Output the listing exactly as written, apart from its pictures.

◆ RECORDED DATA ◆
________________

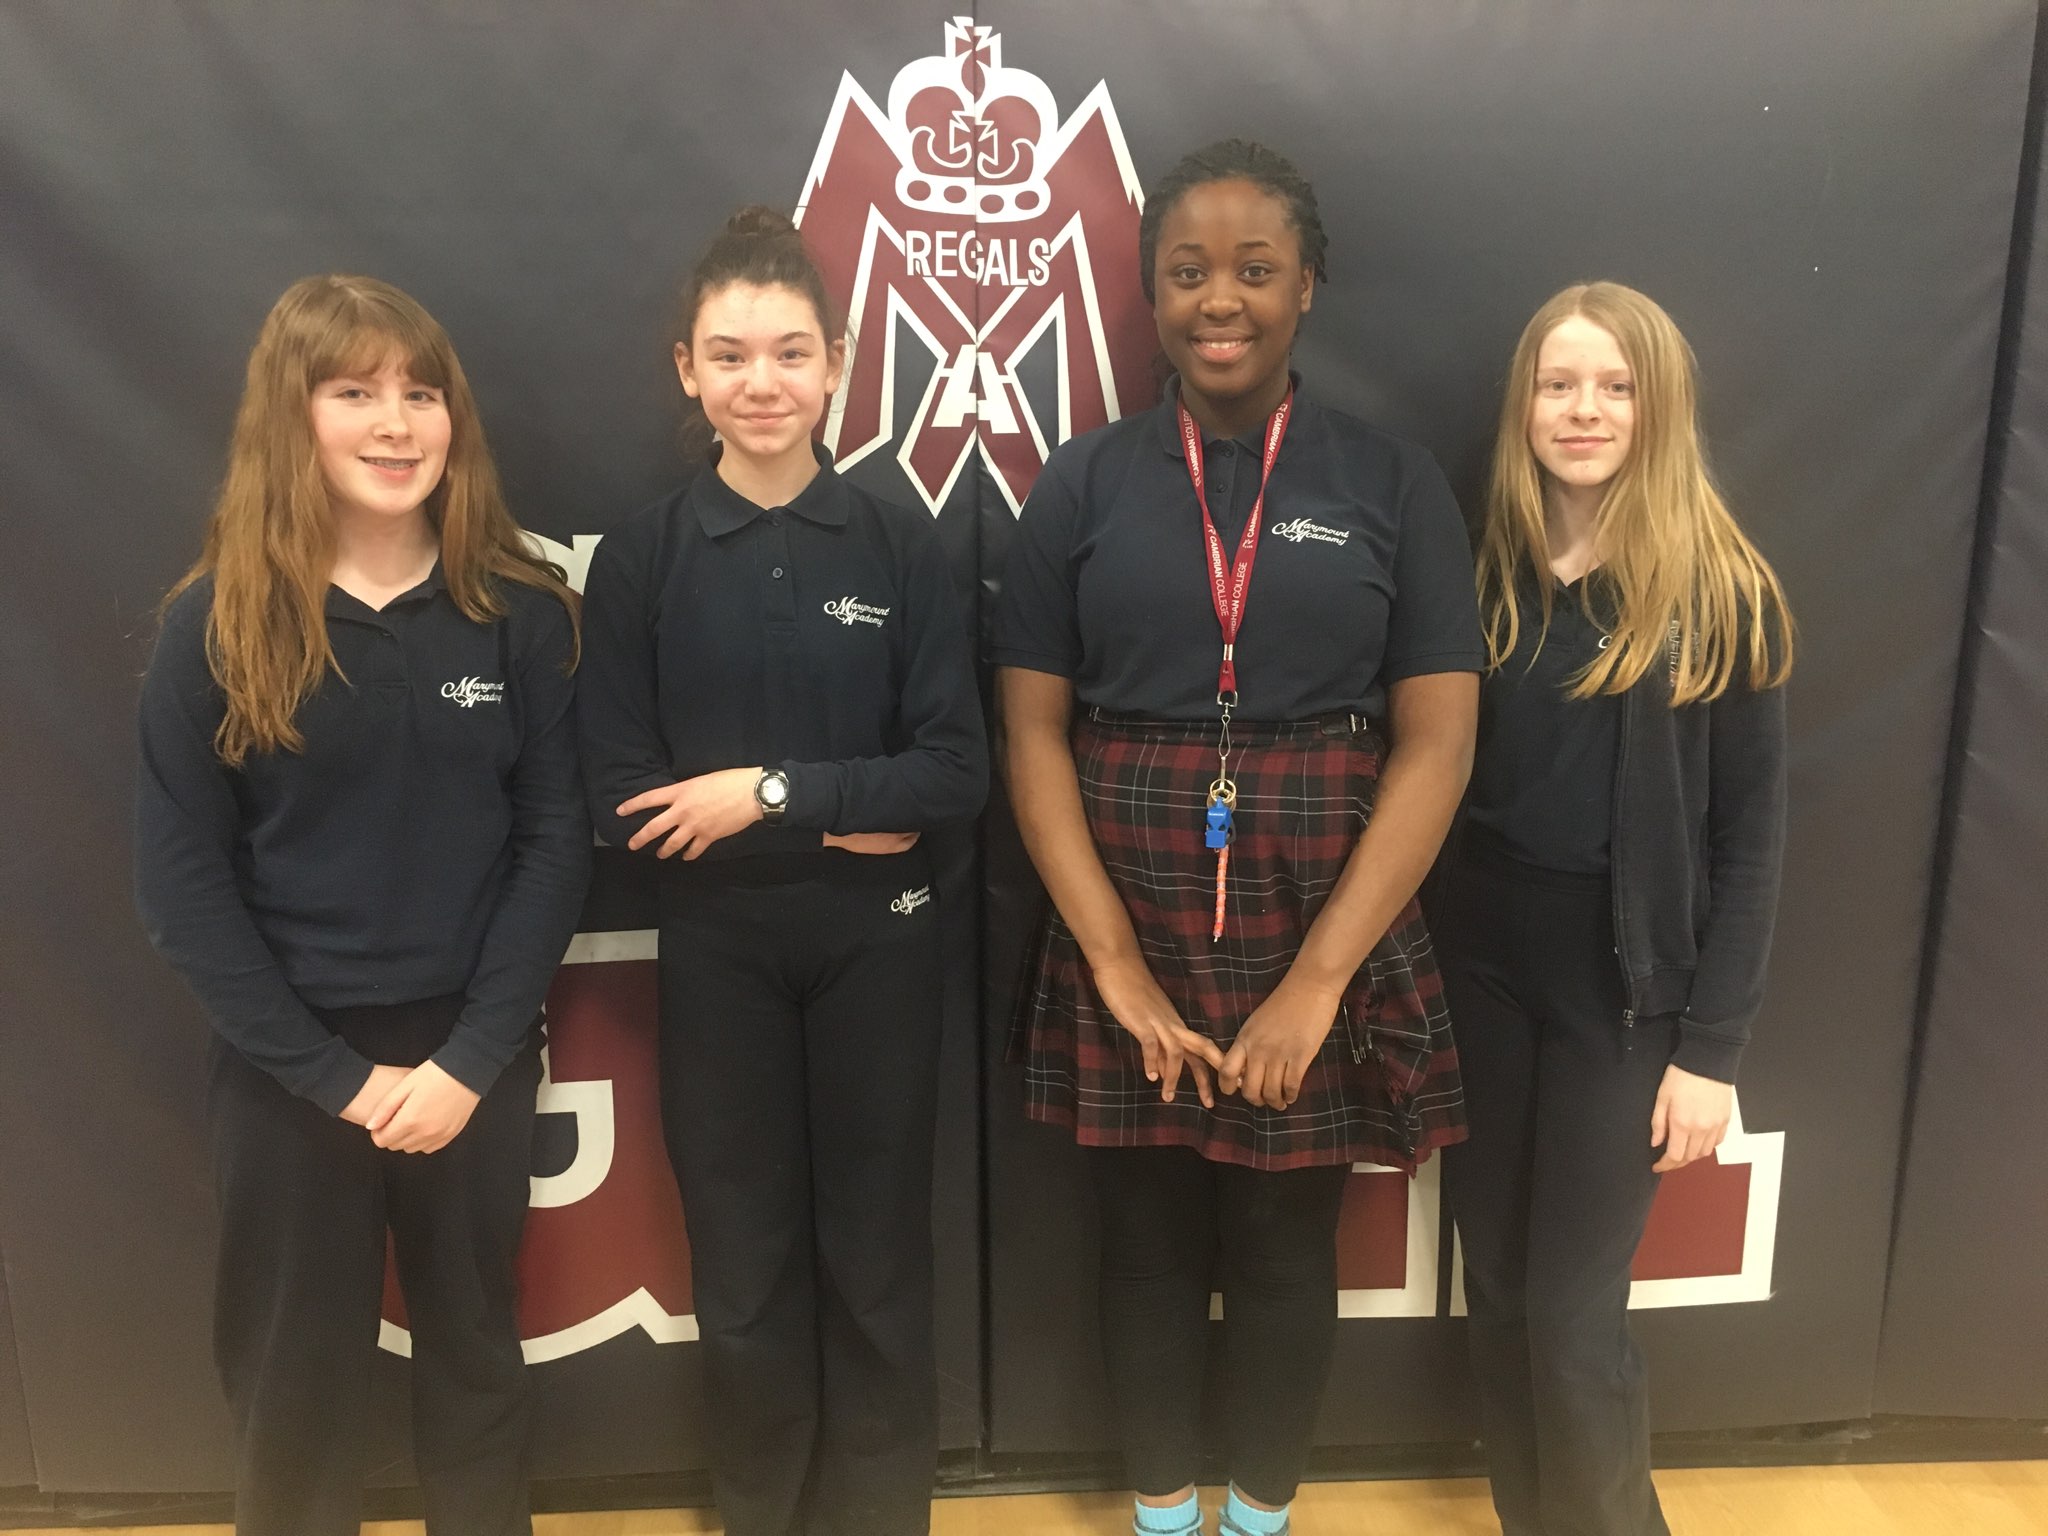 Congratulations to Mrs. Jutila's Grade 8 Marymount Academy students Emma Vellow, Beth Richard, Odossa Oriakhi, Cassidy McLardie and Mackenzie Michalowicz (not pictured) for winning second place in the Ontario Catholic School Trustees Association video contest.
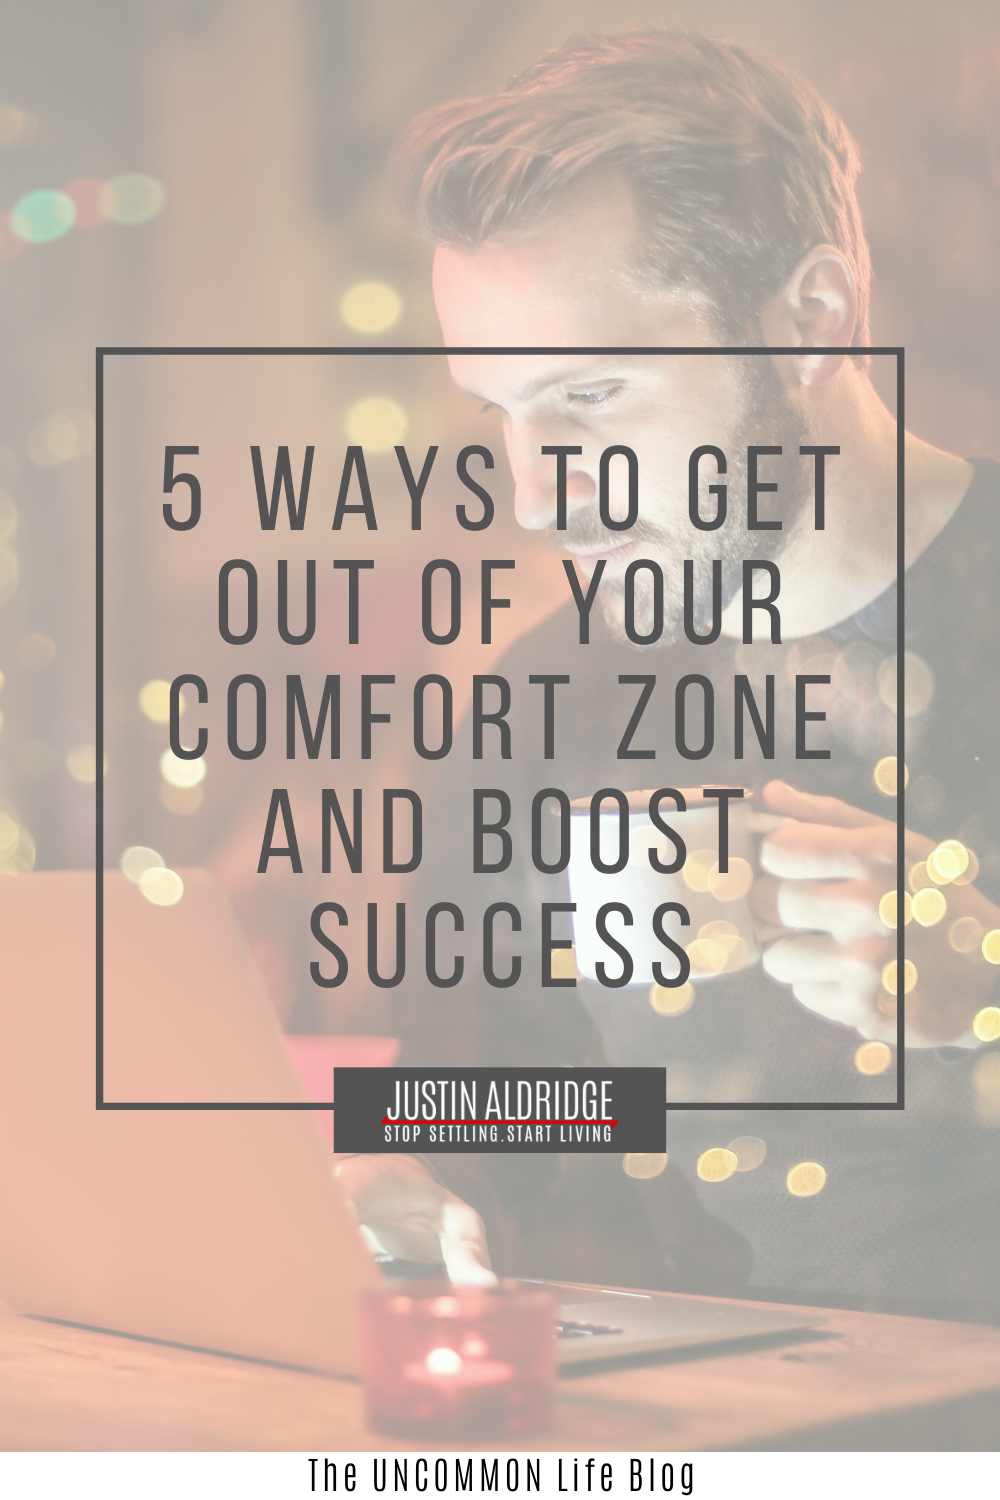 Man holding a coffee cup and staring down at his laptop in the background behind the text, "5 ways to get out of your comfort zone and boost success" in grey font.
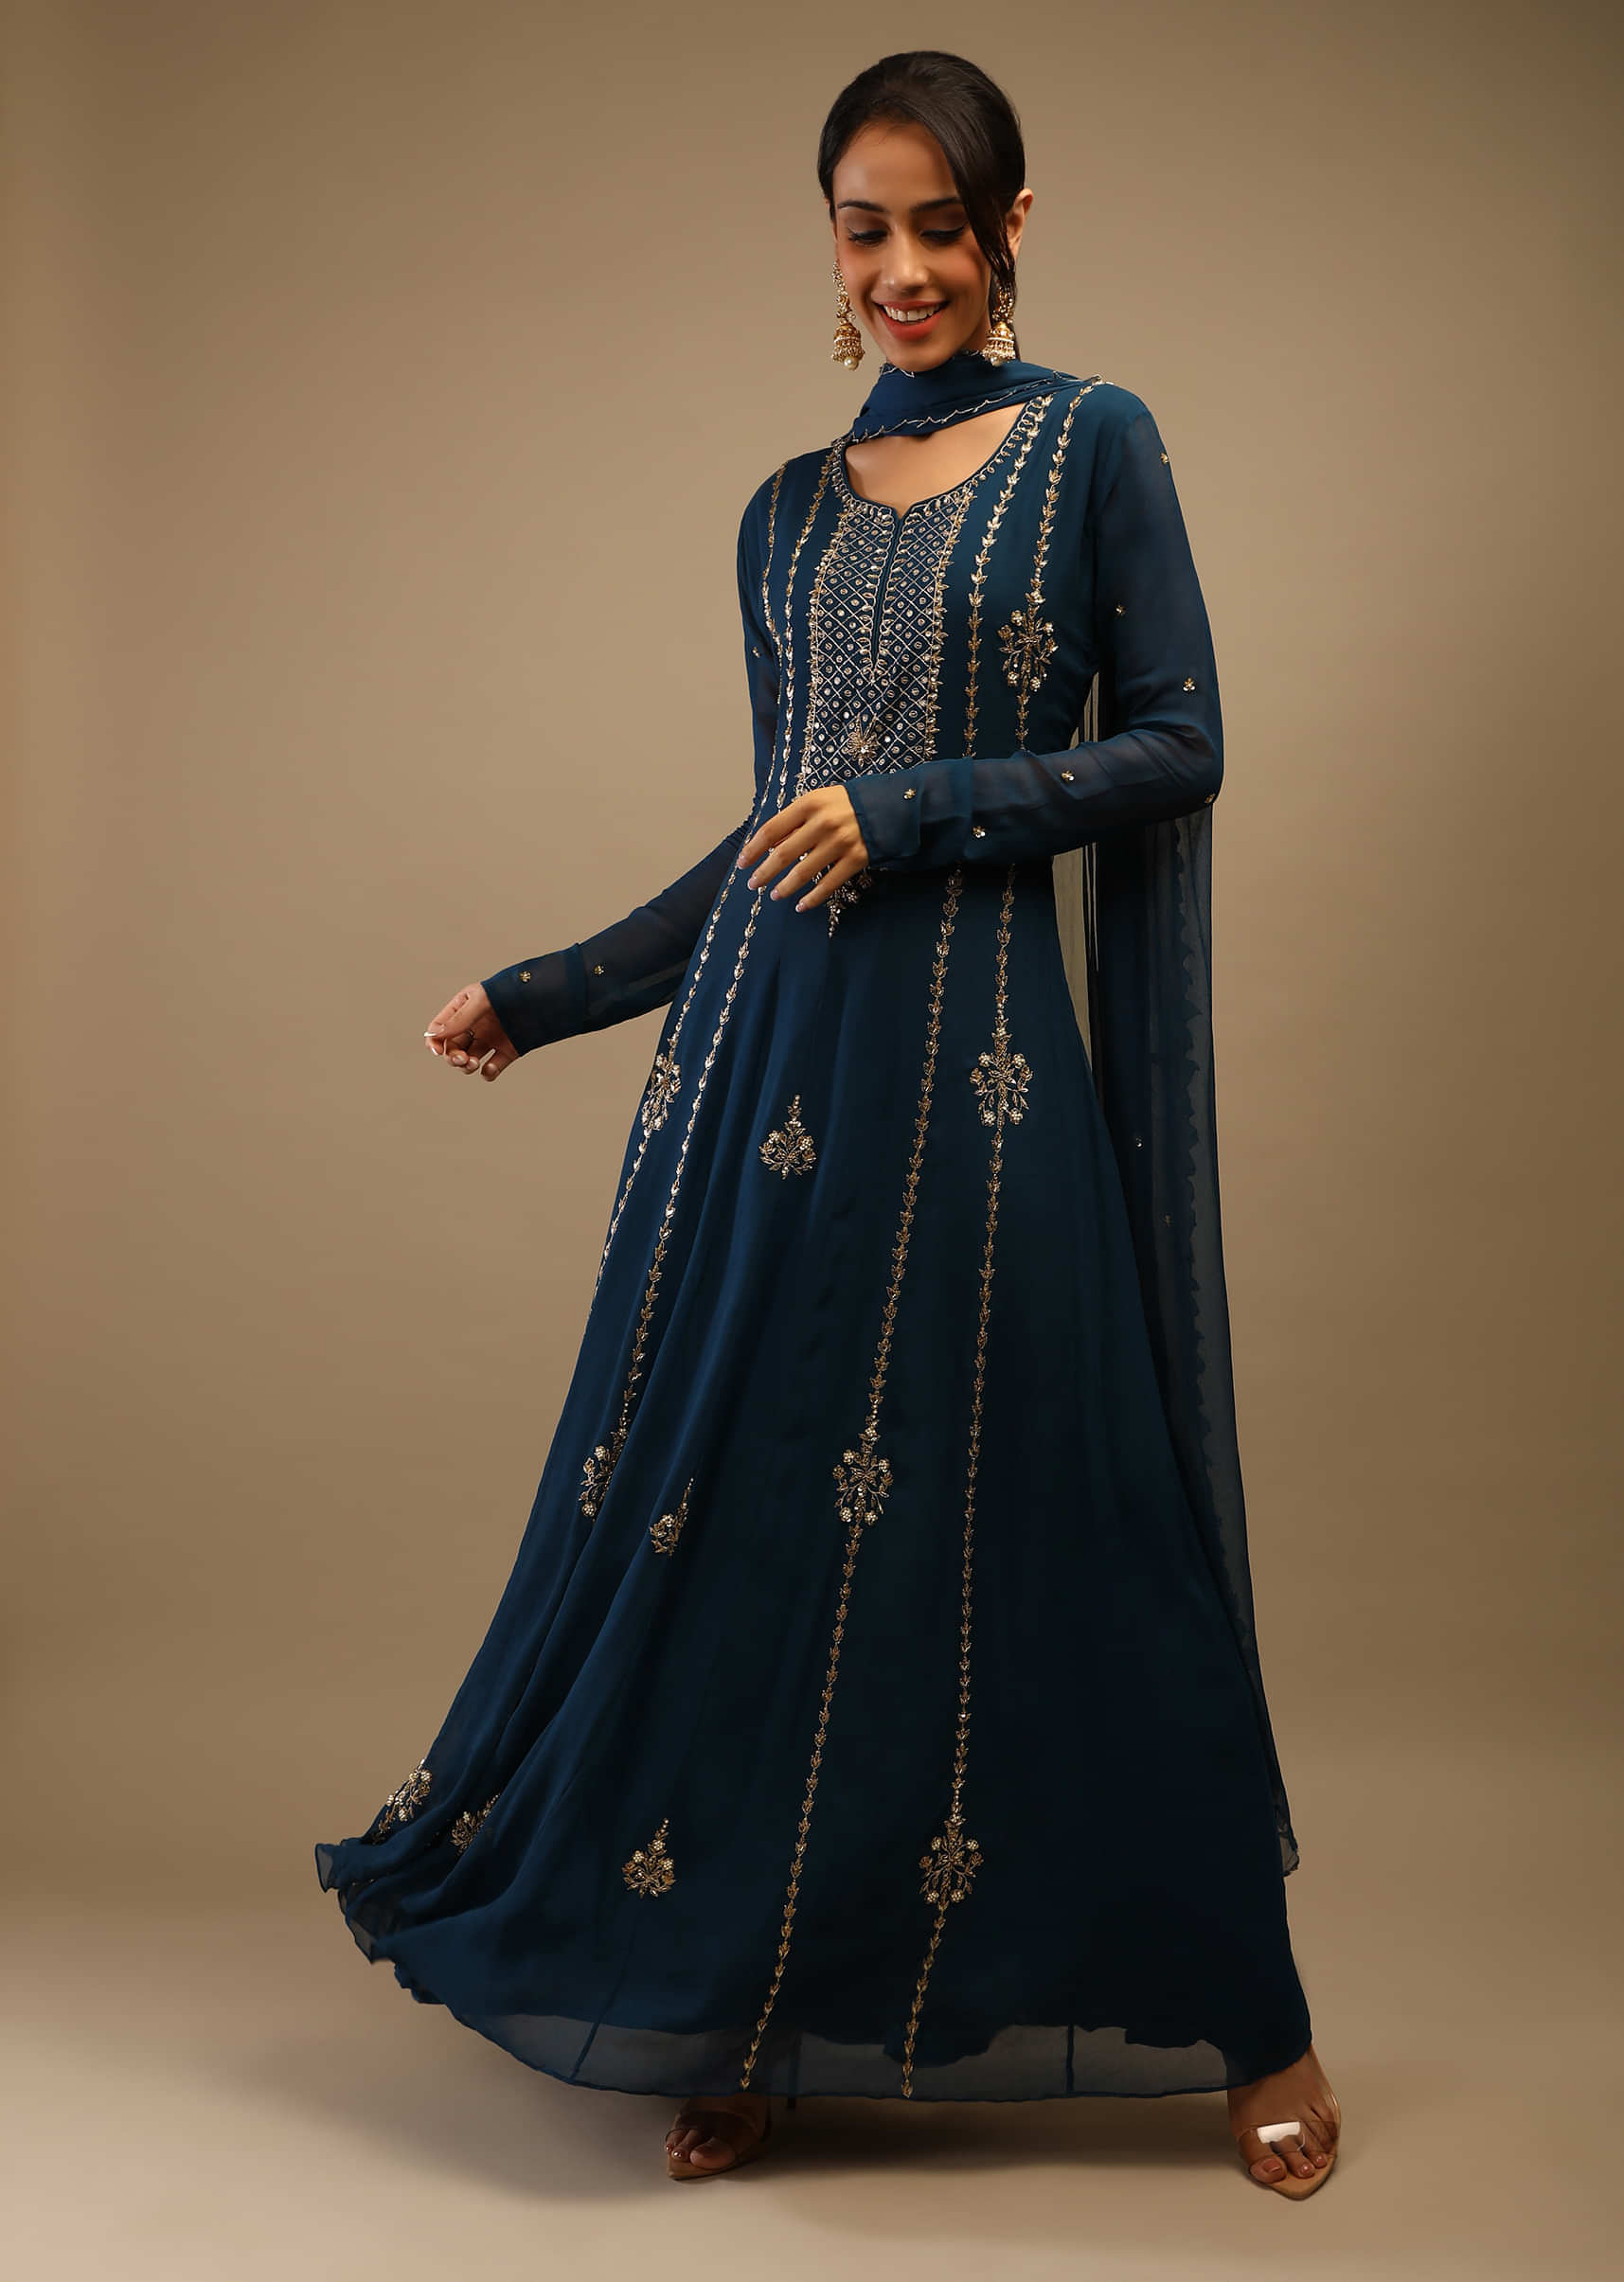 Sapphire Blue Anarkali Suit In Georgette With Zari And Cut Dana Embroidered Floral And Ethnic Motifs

________________

◆ WRITTEN REPLY ◆
 Congratulations to Mrs. Jutila's Grade 8 Marymount Academy students Emma Vellow, Beth Richard, Odossa Oriakhi, Cassidy McLardie and Mackenzie Michalowicz (not pictured) for winning second place in the Ontario Catholic School Trustees Association video contest.
 Man holding a coffee cup and staring down at his laptop in the background behind the text, "5 ways to get out of your comfort zone and boost success" in grey font.
 Sapphire Blue Anarkali Suit In Georgette With Zari And Cut Dana Embroidered Floral And Ethnic Motifs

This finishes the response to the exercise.